Dall'osservazione alla progettazione. La psicologia ambientale al museo

di LUCIA ZAFFANELLA
dott.ssa in psicologia

Vi è mai capitato di essere in un museo e provare una sensazione di disorientamento e confusione? O, addirittura, di uscire senza ricordare nulla e avere la sensazione di aver solo perso tempo? Uno dei motivi per cui questo può succedere è la mancanza di una progettazione consapevole e mirata. Esiste un filone di studi chiamato visitor studies che si occupa proprio di studiare i visitatori, un pubblico estremamente eterogeneo con interessi, conoscenze e caratteristiche molto diverse tra loro, con l’obiettivo di poter fornire un’esperienza museale di qualità.

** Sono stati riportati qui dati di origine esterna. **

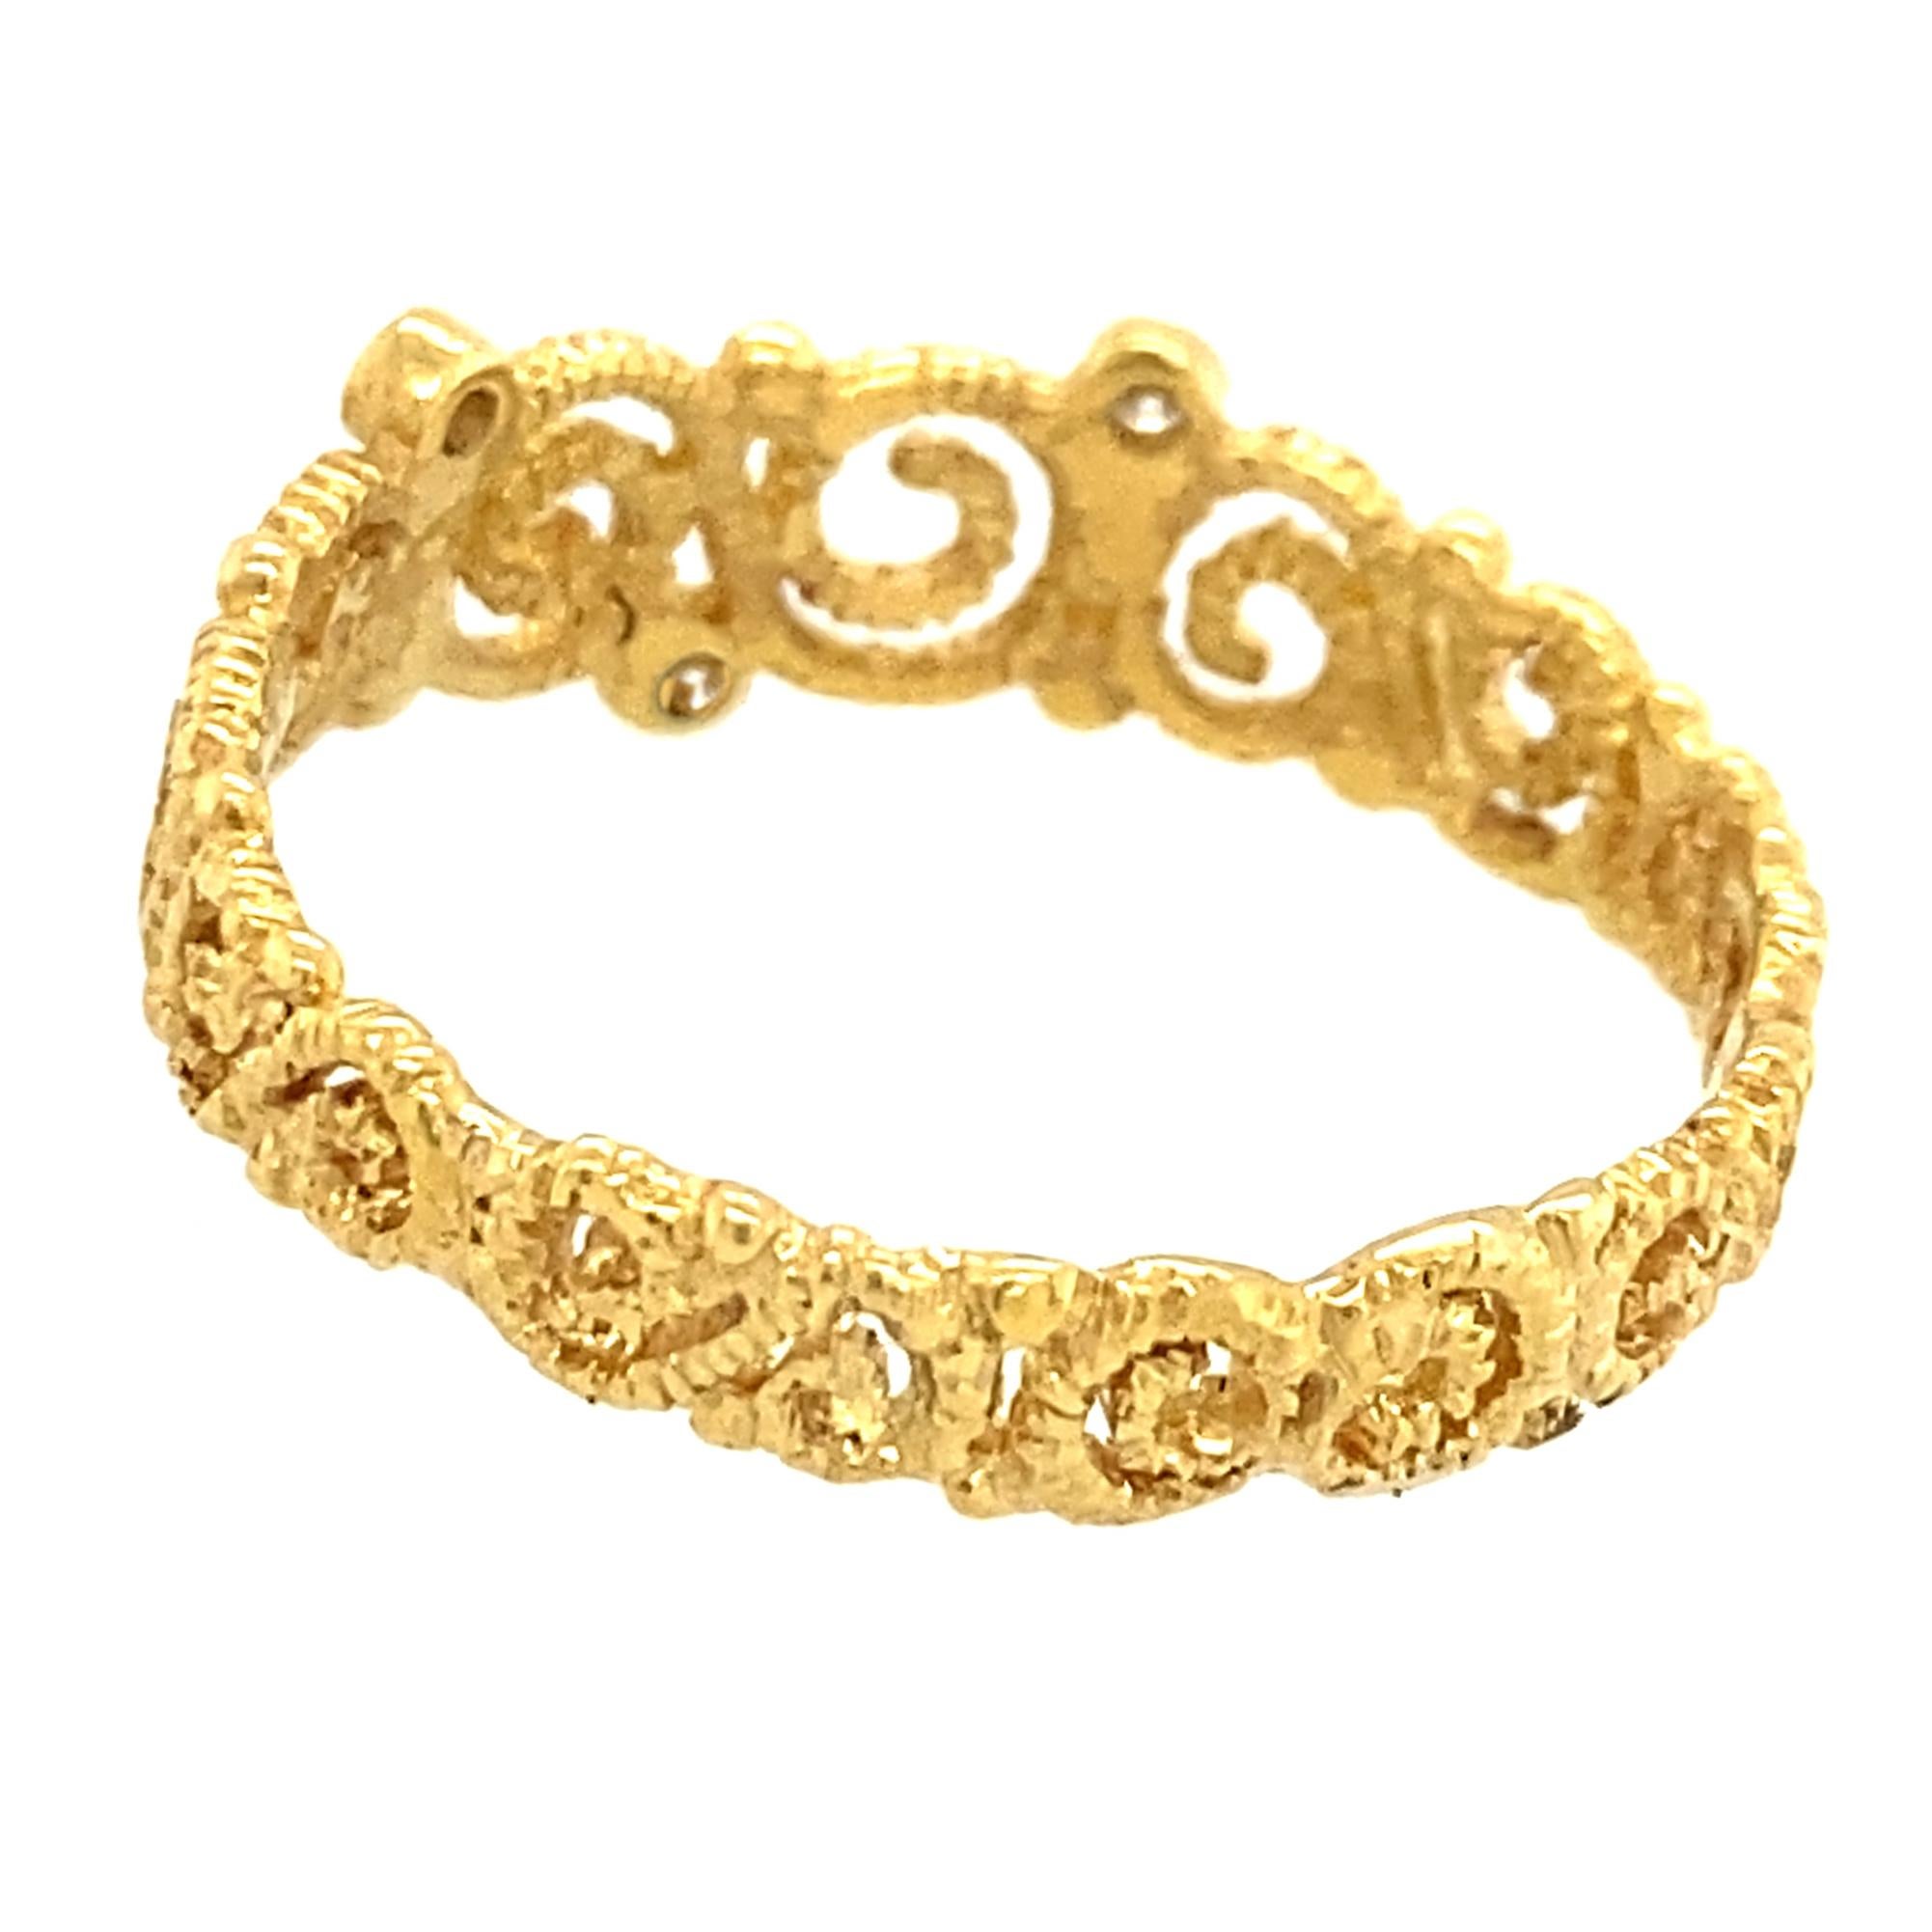 Open Scrollwork Band in 18 Karat Yellow Gold with Diamond Accents 4

Nell’estate 2019 ho condotto uno studio nel museo di Palazzo Te a Mantova. La collezione egizia stava per essere trasferita in un altro palazzo e l’obiettivo della ricerca era di definire le linee guida per la nuova progettazione.

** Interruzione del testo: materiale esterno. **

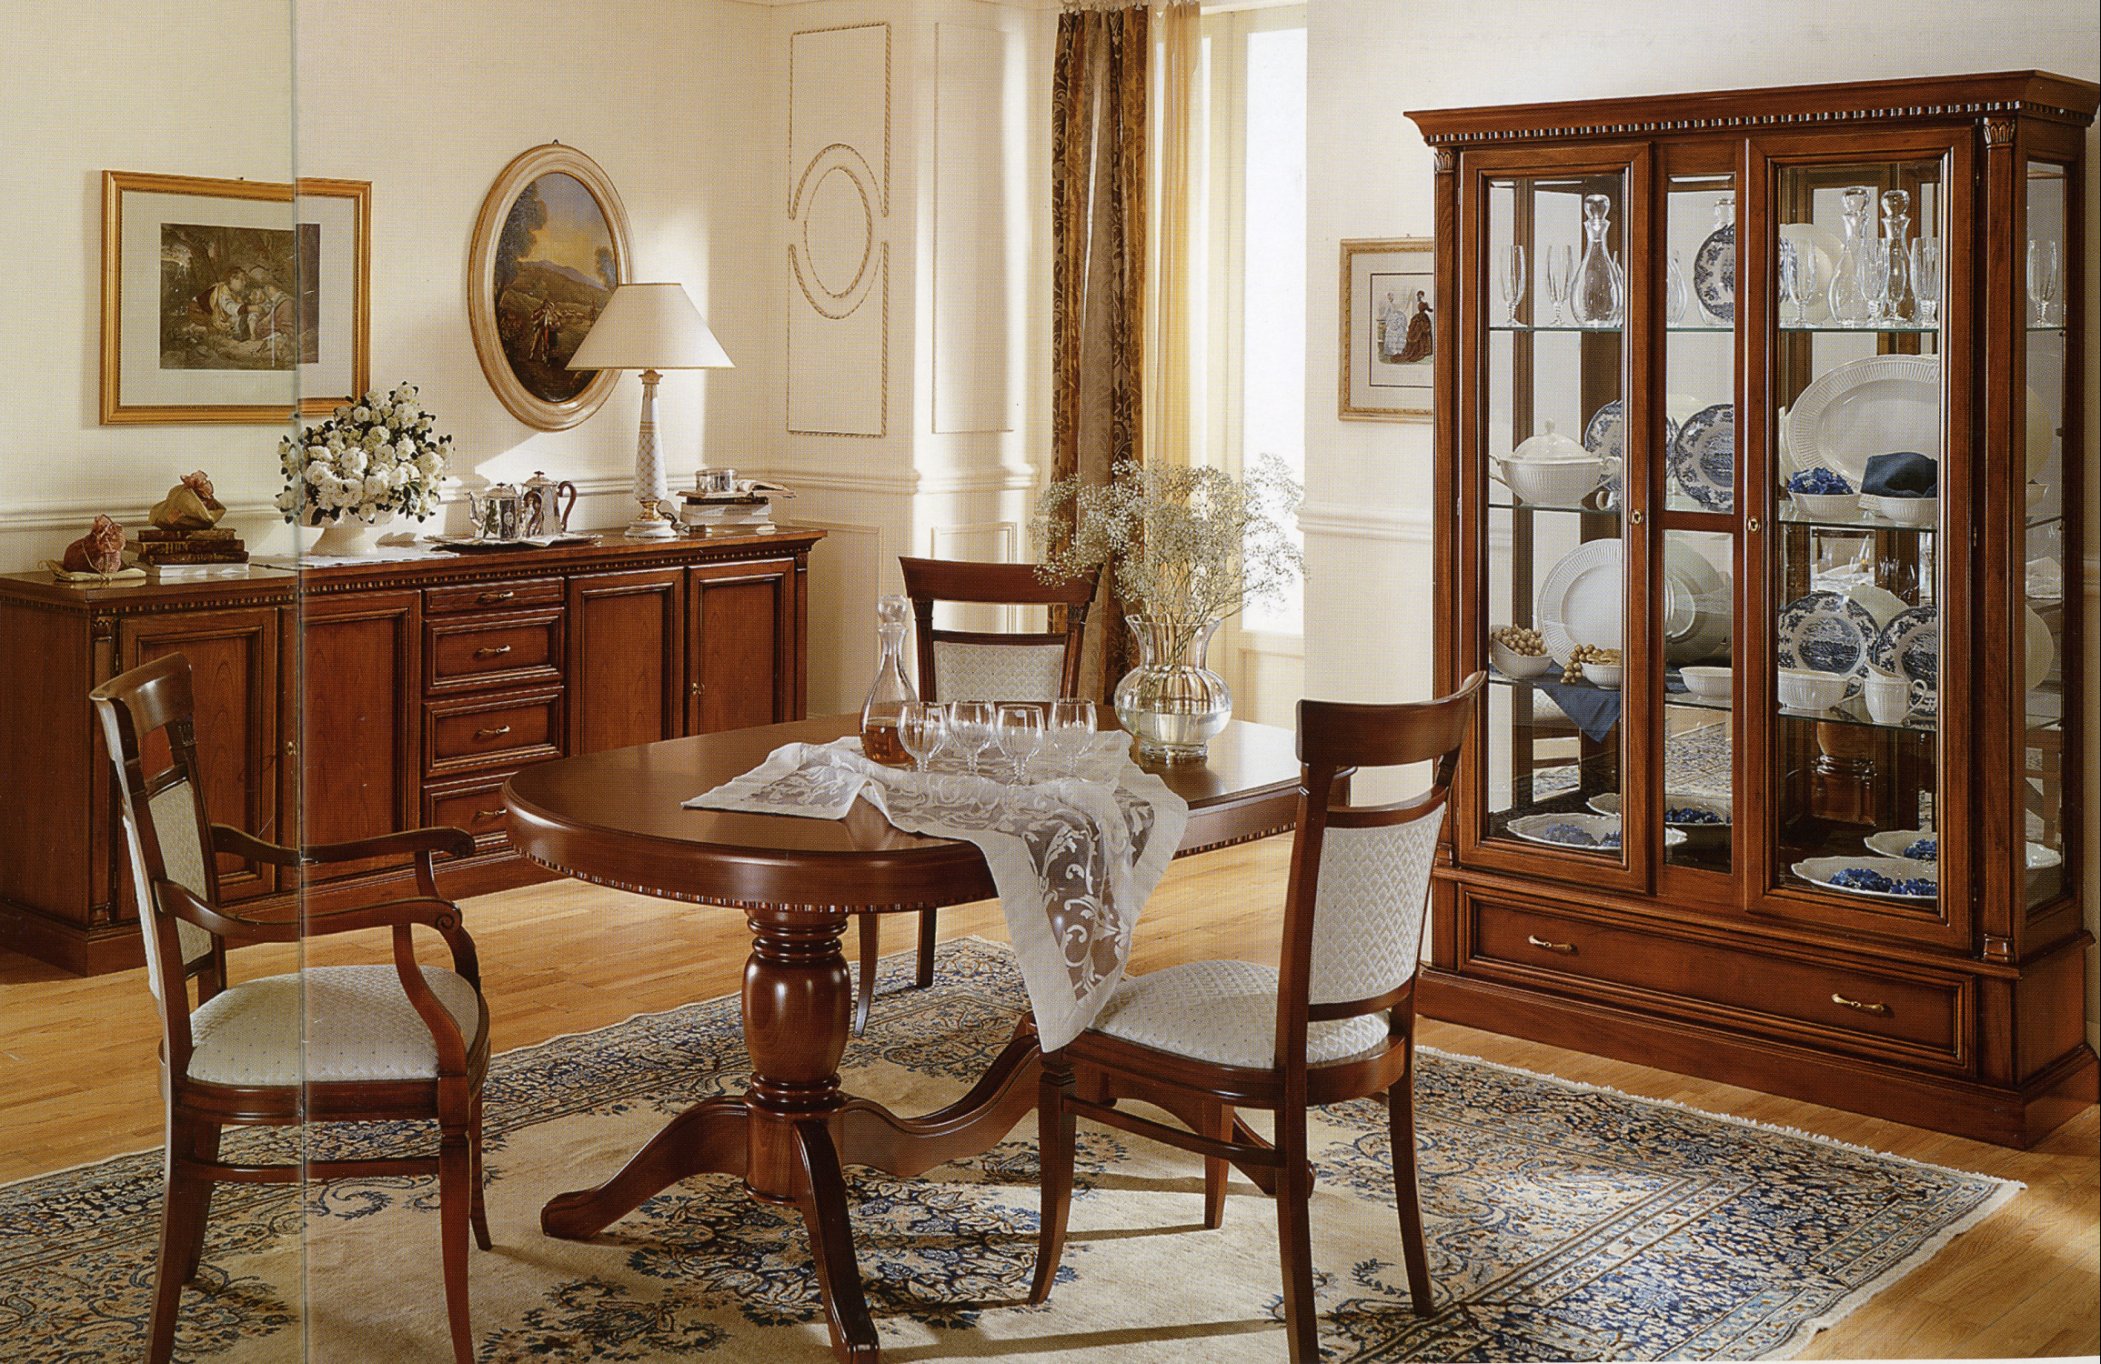 dining room images photo - 2

Il primo passo era conoscere i fruitori del servizio, ovvero i visitatori: chi sono? Come vivono la collezione? Come definiscono l’esperienza di visita e che aspettative hanno per un allestimento futuro?

Ho iniziato quindi a osservare le persone, appuntandomi il percorso che seguivano all’interno delle sale, su quali pezzi si soffermavano, se interagivano con i pannelli di testo e altri dettagli che potessero aiutarmi a definire il loro profilo. Analizzando i dati raccolti mi sono risultate molto più chiare alcune dinamiche di visita: ad esempio quale fosse la tipologia di visitatore più frequente, il tempo medio passato davanti a ciascuna opera, quali di queste attiravano di più l’attenzione e quali invece venivano ignorate e per quale motivo.

Il metodo dell’osservazione, utilizzato fin dai primi anni del ‘900, è molto potente perché ci consente di avere una sorta di “fotografia” della realtà, confermandoci che lo spazio influenza significativamente i comportamenti delle persone. Il limite è la possibilità di registrare solo ciò che è manifesto; per questo ho associato all’osservazione un altro strumento, un questionario costruito ad hoc, con cui ho chiesto un contributo attivo ai visitatori, per indagare le loro motivazioni, aspettative e opinioni. Nel contesto museale il questionario è lo strumento più utilizzato tra i metodi quantitativi, perché permette di raccogliere dati da un campione numeroso in poco tempo e le informazioni che si ricavano sono utili su più fronti e a diversi livelli.

Terminata la fase di ricerca con le persone il passo successivo era quindi quello di delineare le linee guida per la nuova progettazione, che a questo punto potevano essere definite non solo dalle indicazioni raccolte in letteratura, ma anche dai dati emersi dall’esperienza specifica dei visitatori. Quindi ecco che, ad esempio, per contrastare il disorientamento fisico e concettuale emerso, si può ipotizzare di predisporre opuscoli all’ingresso, percorsi ordinati e lineari anziché tante isole espositive, percorsi a terra, sale organizzate per temi con una disposizione delle opere ragionata, e così via.

Questi e altri spunti non sono casuali ma sono creati con metodo e consapevolezza: il valore di una progettazione supportata da metodi scientifici è di poter offrire un’esperienza di alta qualità, potenzialmente più istruttiva e appagante. Nel tempo, infatti, il ruolo attribuito al visitatore è cambiato: prima era definito passivo, ora invece viene invitato alla partecipazione attiva attraverso diverse modalità come il gioco, la lettura, la sperimentazione. Nella concezione attuale del museo la conoscenza deve quindi essere spiegata, non presunta, coinvolgendo e offrendo un’esperienza arricchente e gratificante.

Nell’ambito della psicologia architettonica il riferimento è sempre la persona che usufruisce del servizio, con i suoi desideri e aspettative, e l’obiettivo è di incontrare le sue esigenze attraverso la progettazione. Il valore così creato non si ripercuote solo sul singolo ma, più ampiamente, in una trasmissione culturale più efficace, un maggior numero di visitatori e un elevamento della reputazione del museo, che diventa un fulcro culturale più moderno, accogliente e, al tempo stesso, coinvolgente.

 

Per approfondire:

Bitgood, S. (2011). Social design in Museums: The Psychology of Visitor Studies. In MuseumEtc.

Bollo, A. (2003). Il museo e la conoscenza del pubblico: gli studi sui visitatori.

Serrell, B. (1997). Paying attention: the duration and allocation of visitors’ time in museum exhibitions. Curator: The Museum Journal, 40(2), 108-125.

Yalowitz, S. S., & Bronnenkant, K. (2009). Timing and Tracking: Unlocking Visitor Behavior. Visitor Studies, 12(1), 47-64.